Similar questions have been asked before, but as far as I can tell, none of them covers all three aspects of downsampling, projecting and aligning, nor do they consider all potentially reasonable options.

The data

My source file is SEDAC's Human Influence Index v2, more specifically the global data "in geographic coordinate system at 30 arc-second grid cell size" (SEDAC download page).

> library(raster)
> hii <- raster("./hii_v2geo/")
> crs(hii)
CRS arguments: +proj=longlat +ellps=clrk66 +no_defs 
> res(hii)
[1] 0.00833333 0.00833333
> extent(hii)
class      : Extent 
xmin       : -180 
xmax       : 179.9999 
ymin       : -65.23565 
ymax       : 89.89762

My target raster is in ETRS 89 LCC, at a coarser resolution and cropped to the German State of Bavaria (I know there's a Europe-only version of the HII, I've got my reasons to use the global file). I've put a reference grid filled with random values up for download here.

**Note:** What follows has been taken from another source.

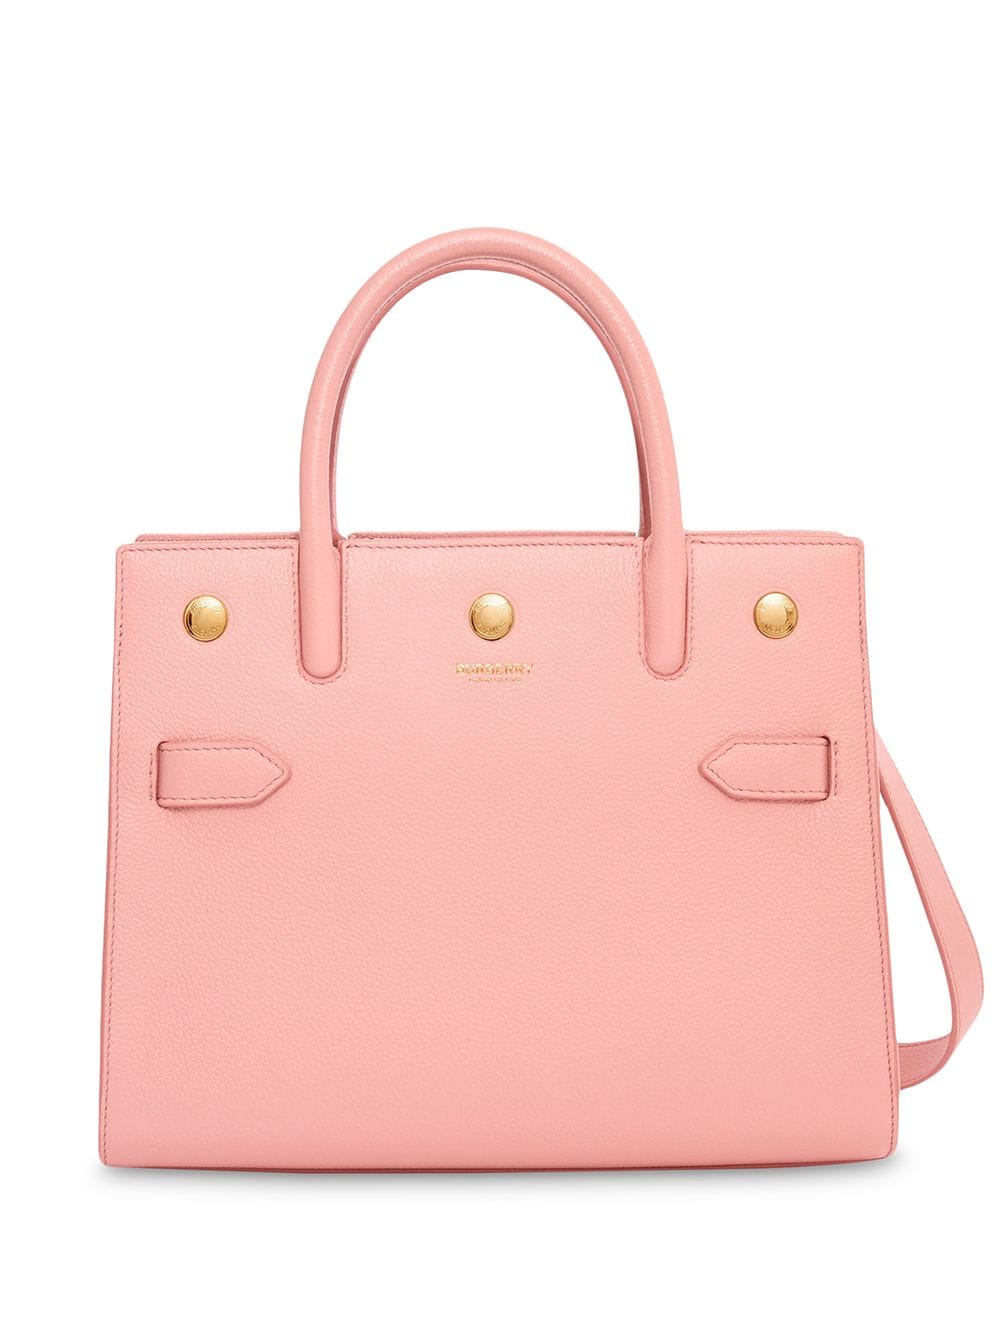 Burberry mini leather two-handle Title bag pink 8026891 - Farfetch

ref <- raster("reference.tif")
> crs(ref)
CRS arguments:
 +proj=lcc +lat_1=35 +lat_2=65 +lat_0=52 +lon_0=10 +x_0=4000000 +y_0=2800000
+ellps=GRS80 +towgs84=0,0,0,0,0,0,0 +units=m +no_defs 
> res(ref)
[1] 5000 5000
> extent(ref)
class      : Extent 
xmin       : 3928000 
xmax       : 4273000 
ymin       : 2290000 
ymax       : 2645000 
>

The task

The task is now to perfectly align the hii raster with the reference (so that CRS, resolution and extent are identical) for use as an explanatory variable in a species distribution model.

The first step is obvious, I crop the hii raster to the extent of my study area, leaving some additional data at the edges:

hii <- crop(hii, extent(8.4, 14.4, 46.7, 51.1))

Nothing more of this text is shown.